Of course, environmental quality certainly is important, to both poor people and rich ones.

As it happens, however, the First World delivers not only the jobs but clean air, clean water, and well-protected wildlife preserves.

A World Bank study finds that water quality begins to improve when per capita incomes reach about $3,000; and much of the drive for eco-quality kicks in before incomes top $8,000. Markets for illegally trapped monkey brains or poached elephant tusks disappear as crop yields rise. In the Third World, all wildlife is at risk from the expansion of low-yield farming.

Opponents of the North American Free Trade Agreement (NAFTA) contended the

treaty would send U.S. jobs to Mexico. Some have moved. But the alternative to creating good jobs and peaceful prosperity in Mexico is to gradually find much of Mexico moving to the United States. We’re simply too attractive to ignore, even if you love your homeland as do most Mexicans. We could put the army on the border, but without live ammunition and orders to shoot, Mexican immigrants will walk past the rifle barrels.

The Latinos coming across the U.S. border today have often traveled from Mexico’s job-hopeless southern regions, or from even more remote and authoritarian societies such as Honduras and Guatemala.

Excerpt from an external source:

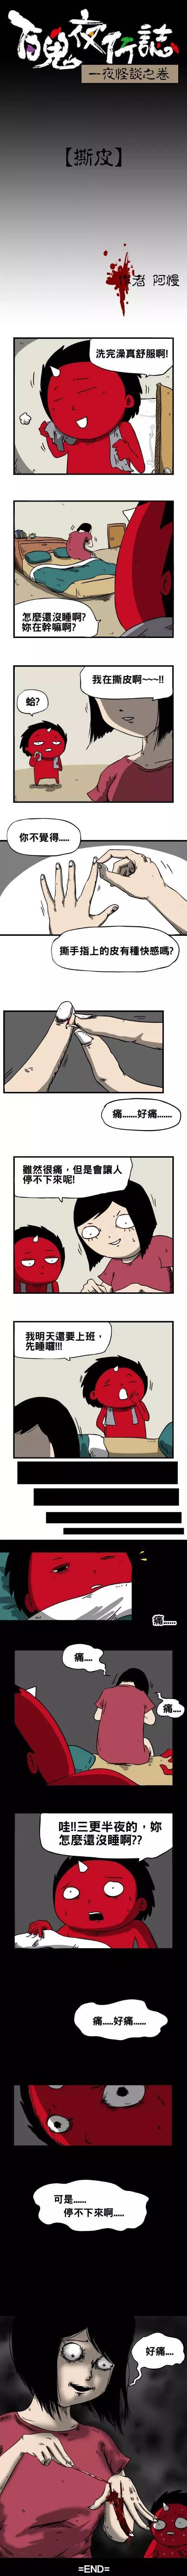 僵尸王漫画:百鬼夜行志《撕皮》

NAFTA has helped create many Mexican jobs in the last decade, but not yet enough.

So long as the First world offers both the good jobs and the cleaner environment, people who have lost hope in their own countries will attempt to immigrate. It’s another reason to applaud “nation-building” in whatever ways work.

America should be liberating farm trade, so that tropical countries can sell us their low-cost sugar and buy our low-cost wheat. We need to encourage democracy, by example, by advice, and by assistance. It will be a long-term job, but al Queda’s success with the demoralized has demonstrated the necessity of this task.

To paraphrase Abraham Lincoln, the world cannot long remain half-slave and half-free. If despots and terrorists can claim half of it, they most certainly will try for the rest.